#### What to work on:
Omit the images and output every line of the data below exactly.

#### Information provided:
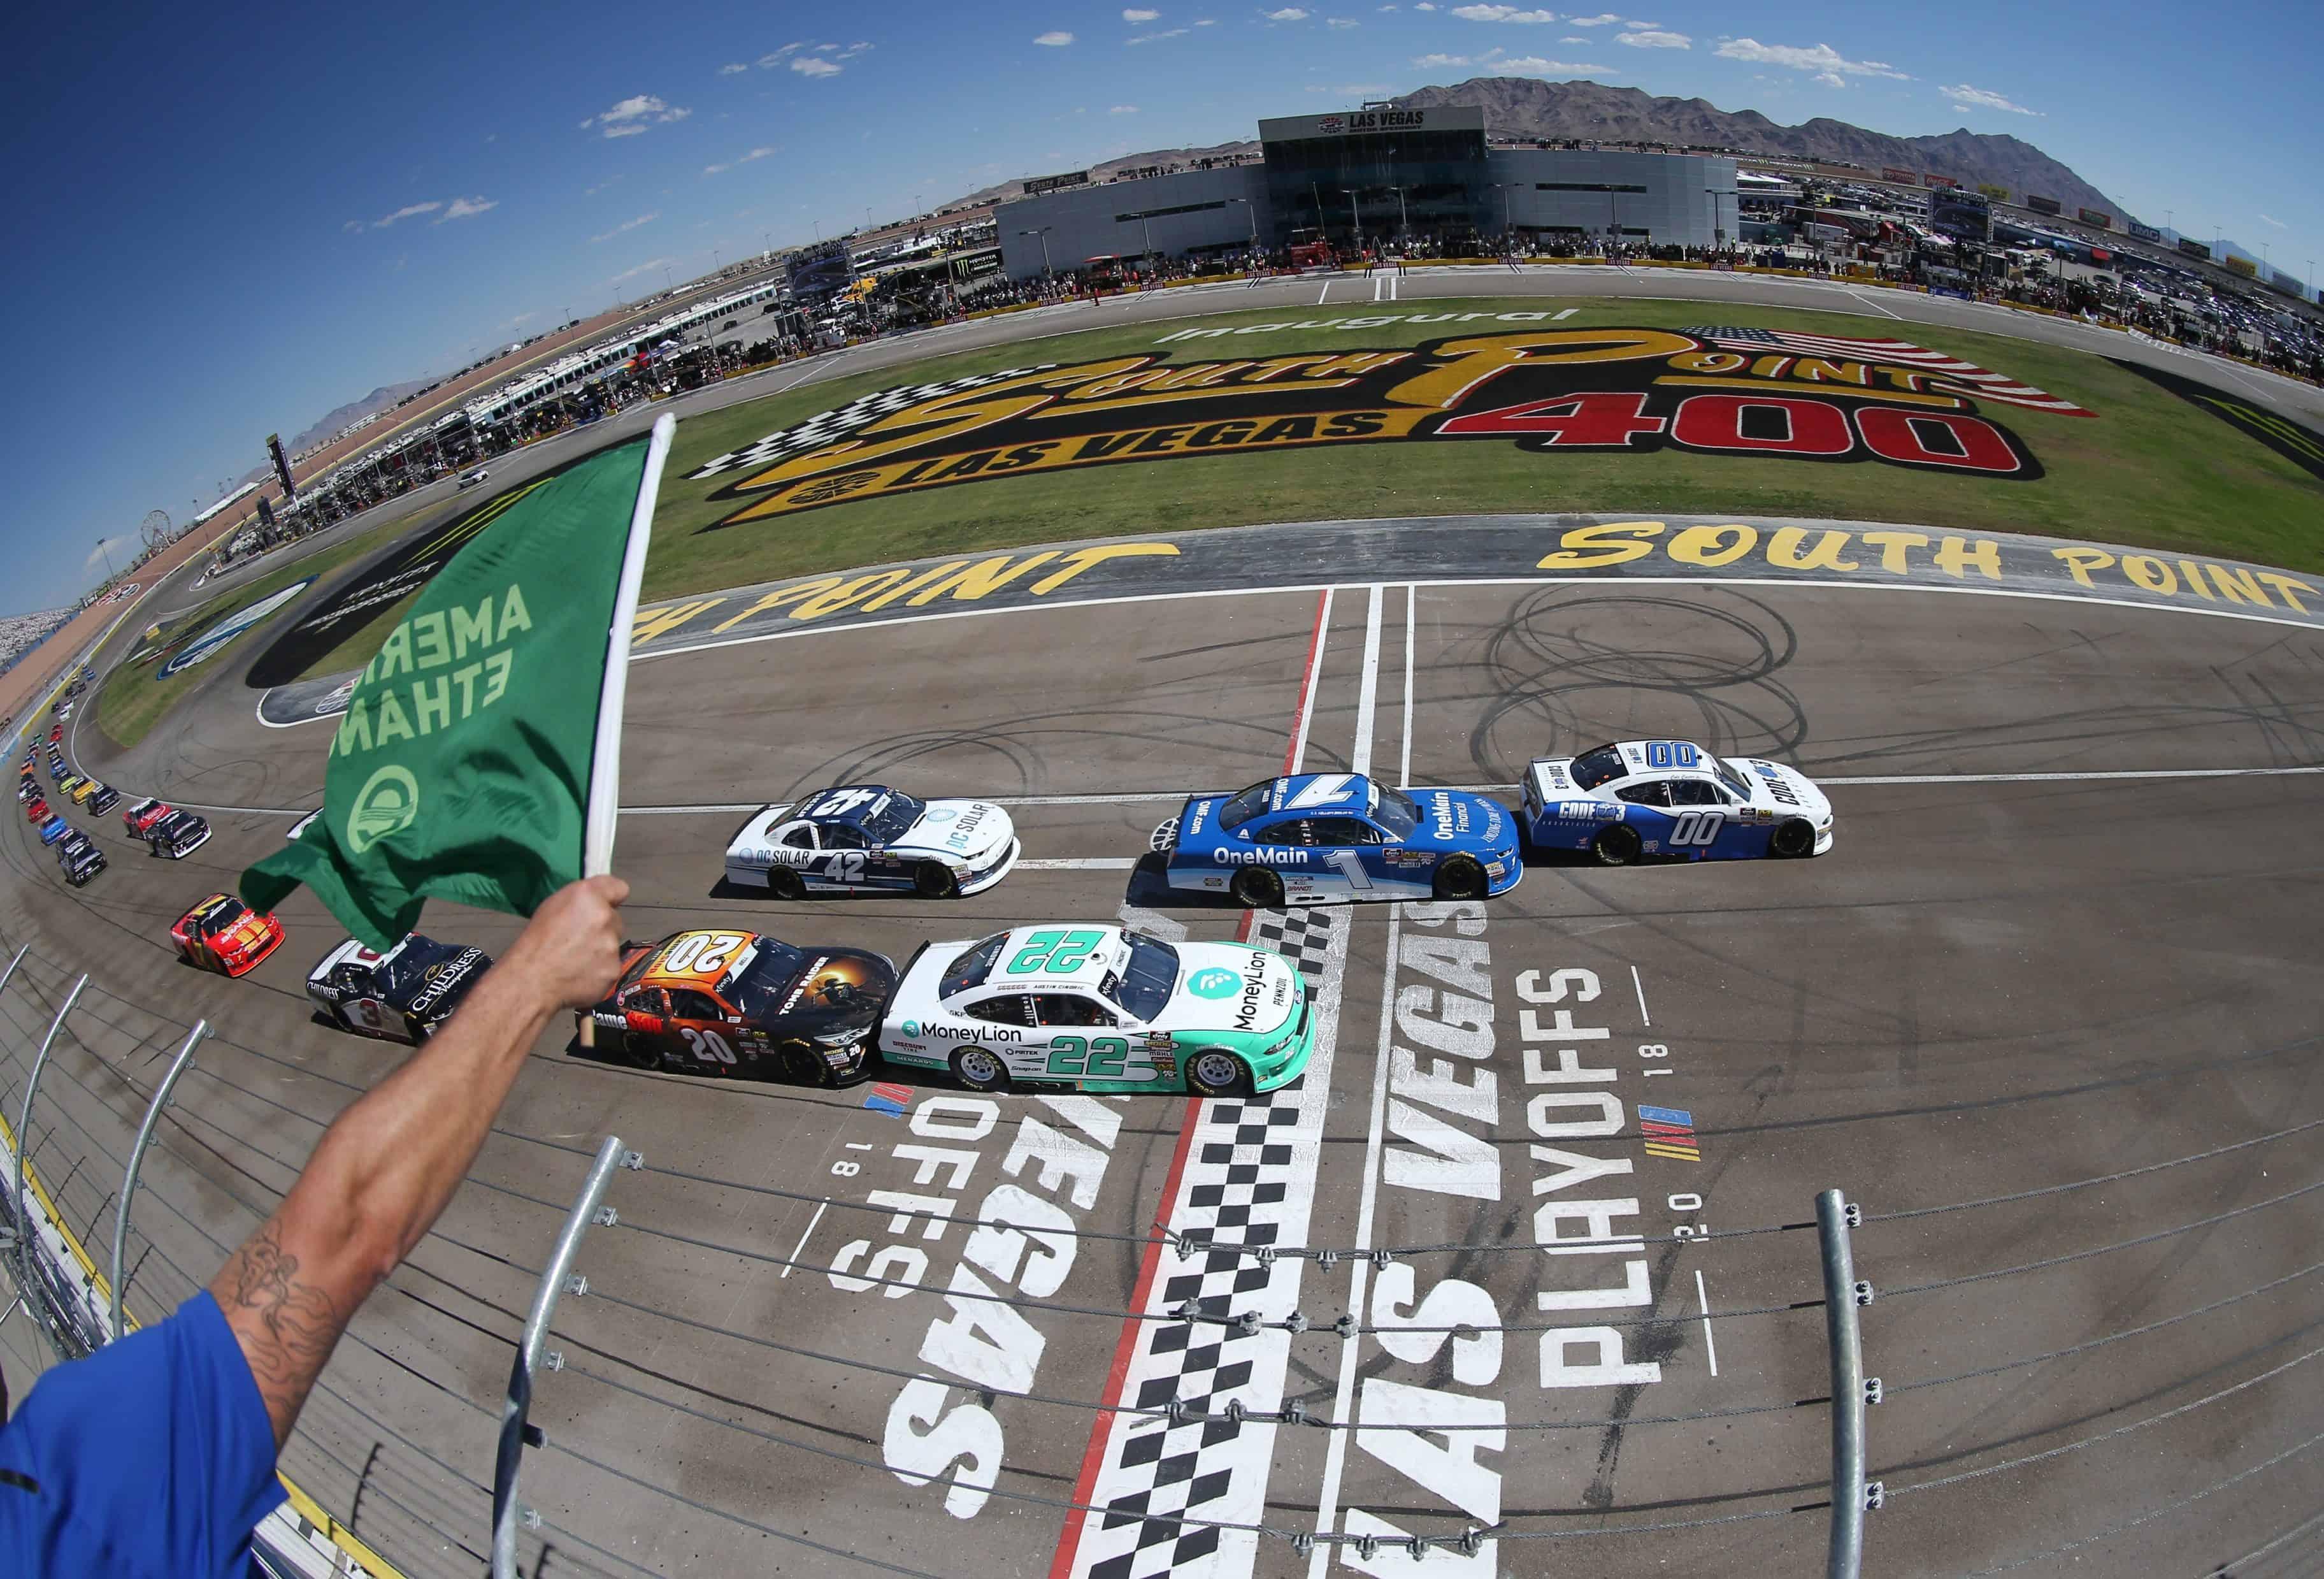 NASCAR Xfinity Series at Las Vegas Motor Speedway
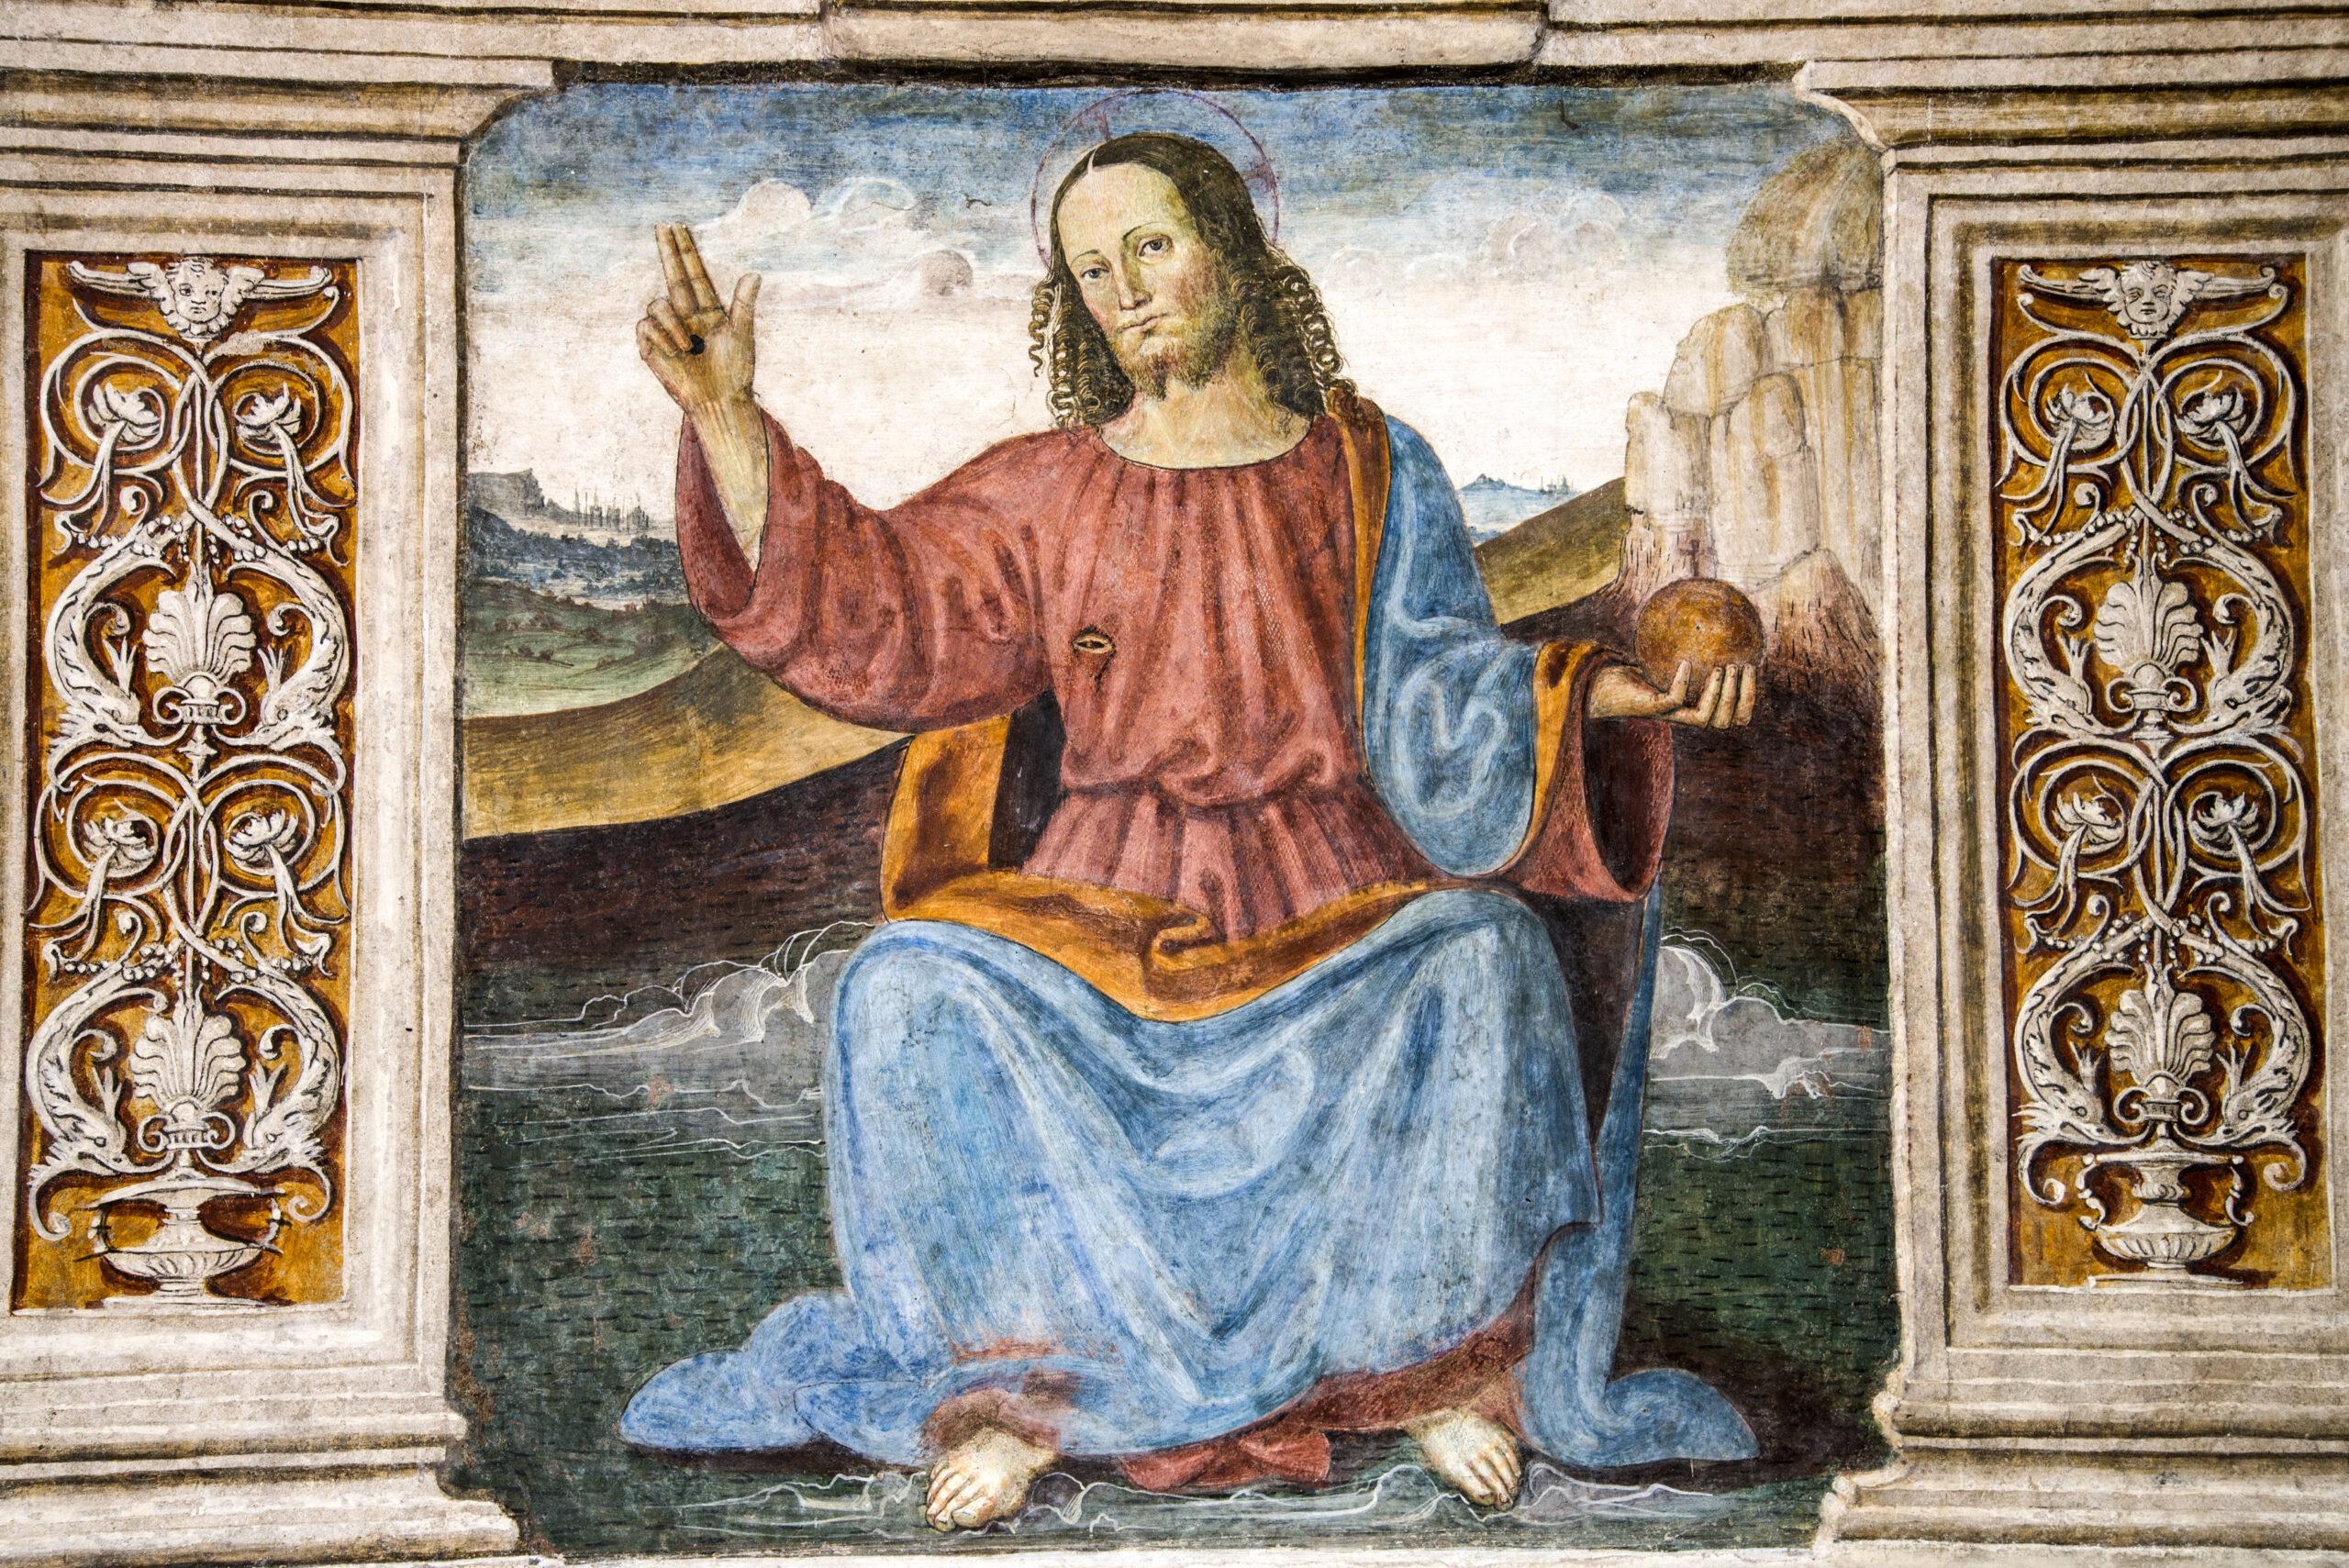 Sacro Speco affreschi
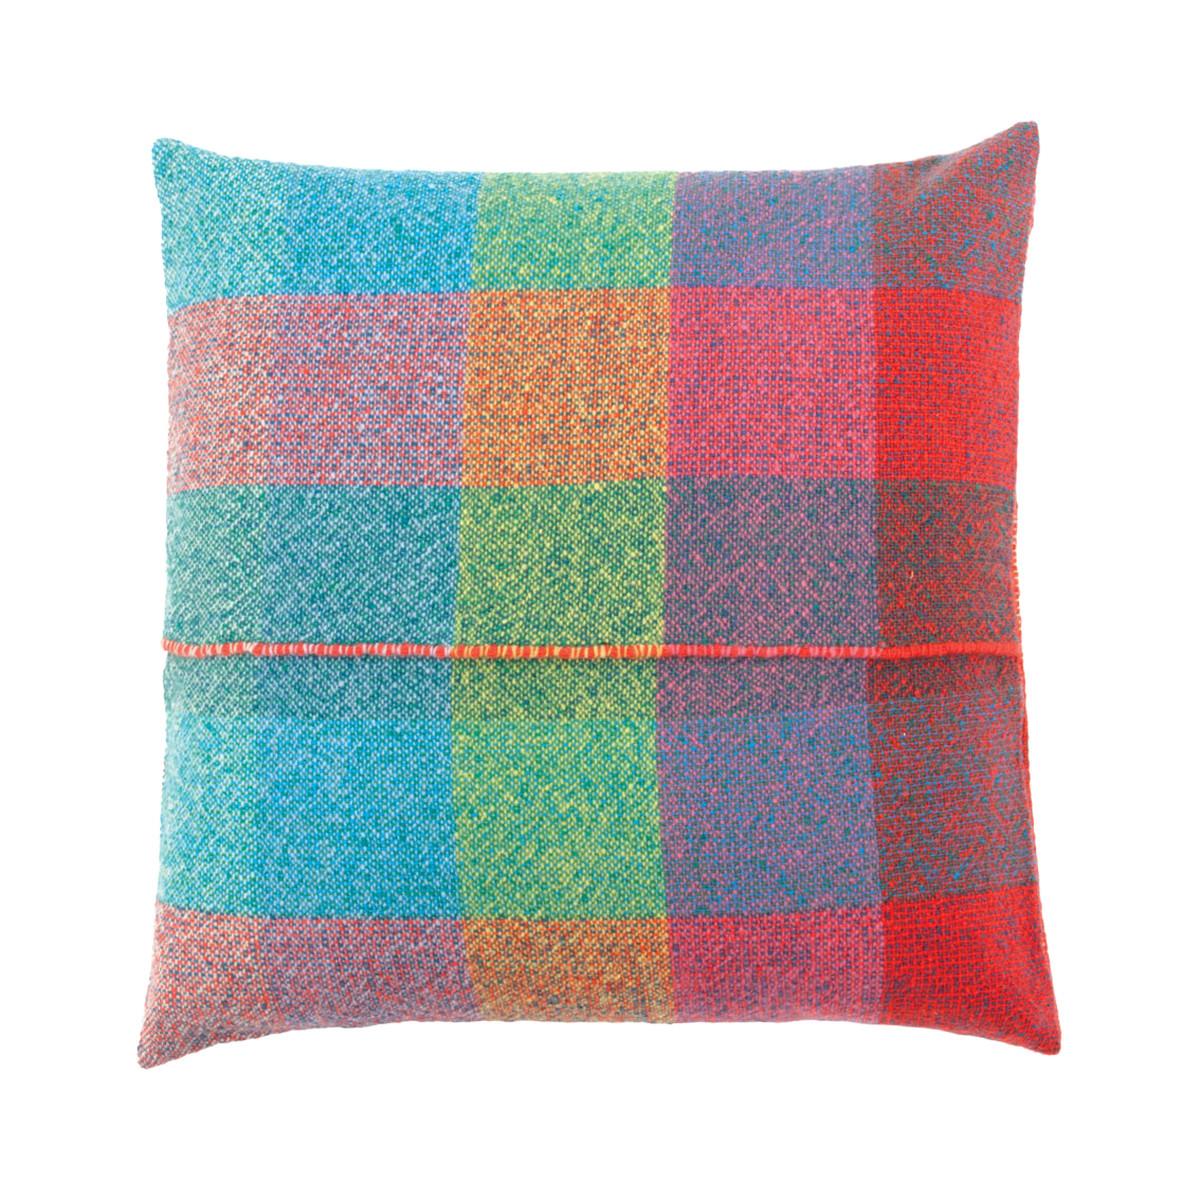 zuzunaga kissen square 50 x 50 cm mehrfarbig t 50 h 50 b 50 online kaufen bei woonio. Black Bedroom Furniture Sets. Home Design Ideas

#### Response:
 NASCAR Xfinity Series at Las Vegas Motor Speedway
 Sacro Speco affreschi
 zuzunaga kissen square 50 x 50 cm mehrfarbig t 50 h 50 b 50 online kaufen bei woonio. Black Bedroom Furniture Sets. Home Design Ideas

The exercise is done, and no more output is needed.